В то время пока папа достаточно успешно использовал свое дипломатическое обаяние в Лондоне, я провела два прекрасных месяца с дядей и тетей в Кенте, во дворце герцога Лэнсдейла, мужа сестры дяди Стена, леди Мэри. Пингвинша, мисс Пул, чувствительная гувернантка Стиви, нашла положительным образование его английских кузин и сразу же решила воспитать из лорда Стефана джентльмена.
Жизнь в Лэнсдейле протекала среди лошадей и собак, и это естественно очень устраивало меня в мои неполные одиннадцать лет. Я любила высоченные буки, грачей, гомонящих в дымке тумана, белые заборчики и живые изгороди, представляющие собой идеальные барьеры для скачек с препятствиями. По манере говорить и держать себя меня можно было вполне принять за дочь английского пэра, что нередко и происходило. Но я была более развитая и эрудированная, чем мои сверстники, и к тому же набожна, в то время как все окружающие ходили в церковь для вида — герцог принял католичество только ради женитьбы на принцессе Веславской. Я очень любила книги и буквально зачитывалась «Джен Эйр», «Ярмаркой тщеславия», «Дэвидом Копперфилдом».
— А, Диккенс! — сказал приятель Стиви лорд Берсфорд — старший сын и наследник, который был настолько же длинным, насколько Стиви крупным, — когда они как-то приехали домой на выходные. — Он давно устарел! — И добавил: — Если ты не будешь фехтовать и ездить верхом, Таня, ты будешь просто скучной!
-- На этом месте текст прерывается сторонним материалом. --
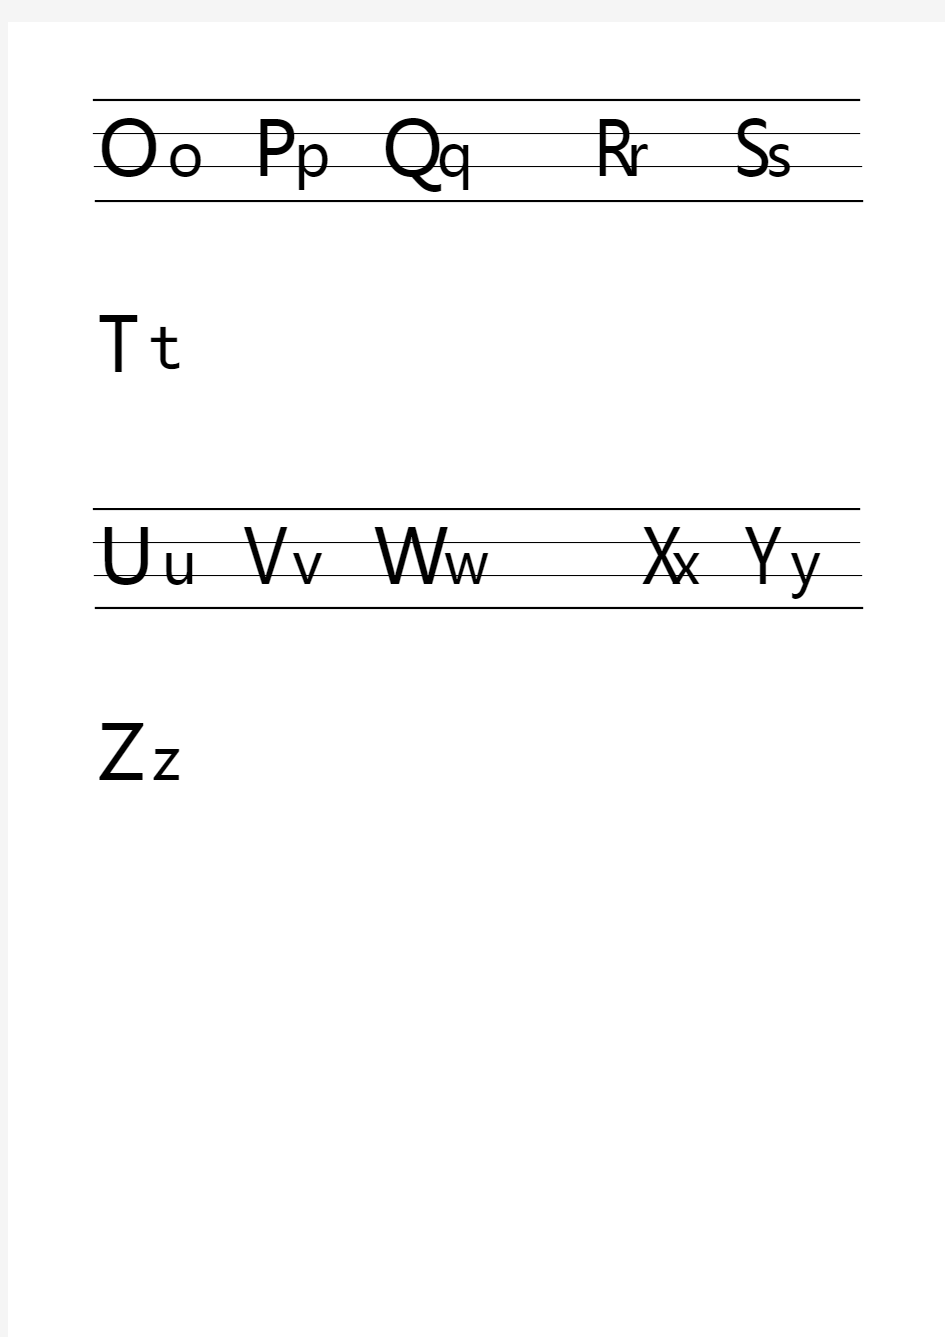 汉语拼音字母表(26个字母)
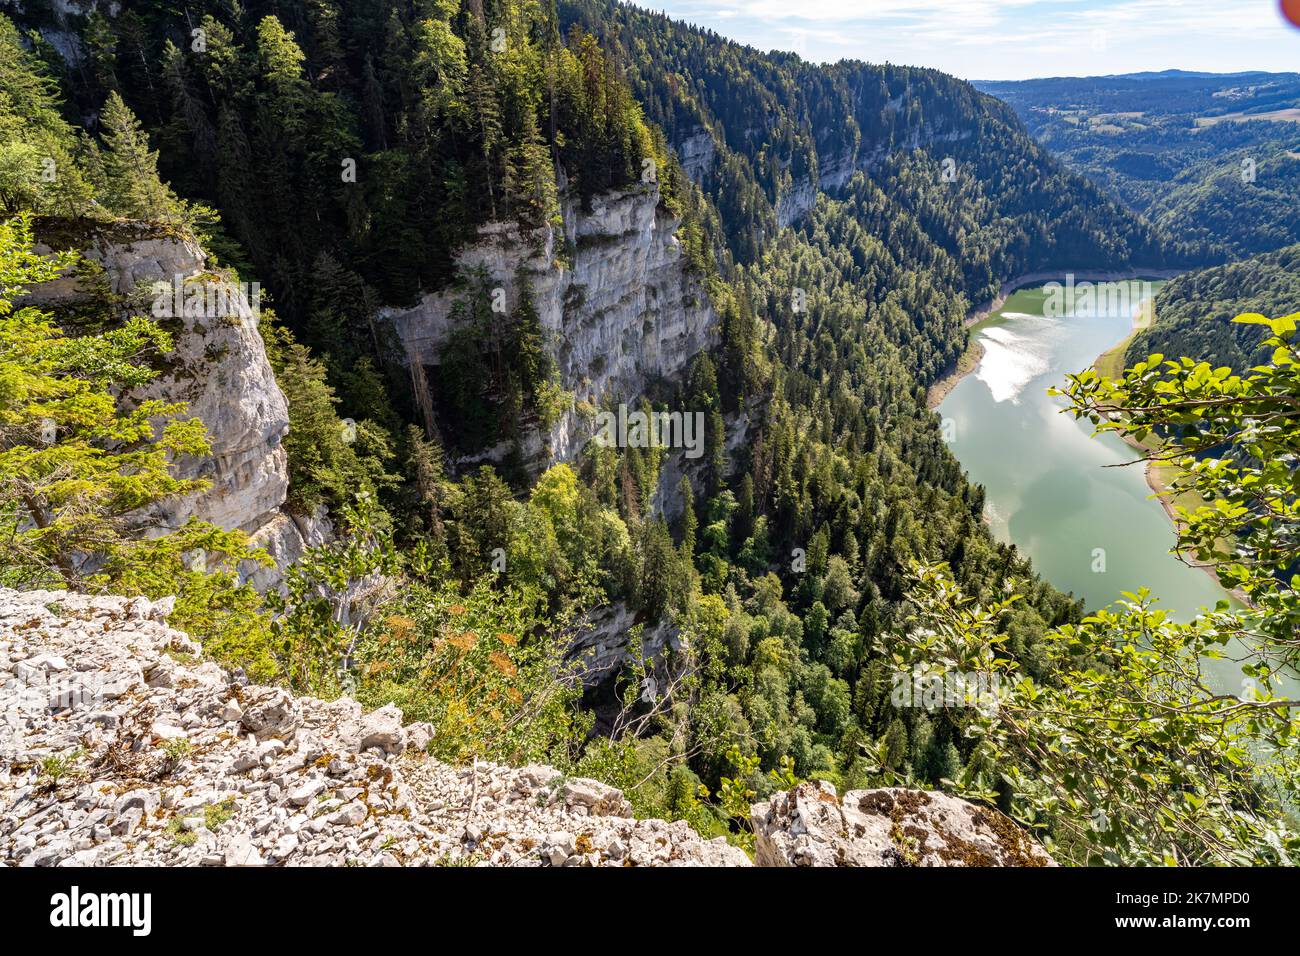 Der Doubs Stausee Lac des Moron zwischen der Schweiz und Frankreich, Europa |  Lac des Moron Doubs river reservoir between Switzerland and France, Eur Stock Photo

Ребята осуждали также и мои отношения с конюхами, поварами, горничными, соседями-фермерами, почтальоном, я не раз слышала их едкие замечания по этому поводу. А я вела себя с английской прислугой так же, как с русской или польской. Слуги в Лэнсдейле не встревали в разговор, как русские или польские, они были вежливы и исполнительны. Невозможно было даже представить, чтобы герцог Лэнсдейл посадил к себе на колени английскую няню, как это проделывал мой папа. Различия между классами проявлялась здесь не столь явно, но дистанция бывала огромна.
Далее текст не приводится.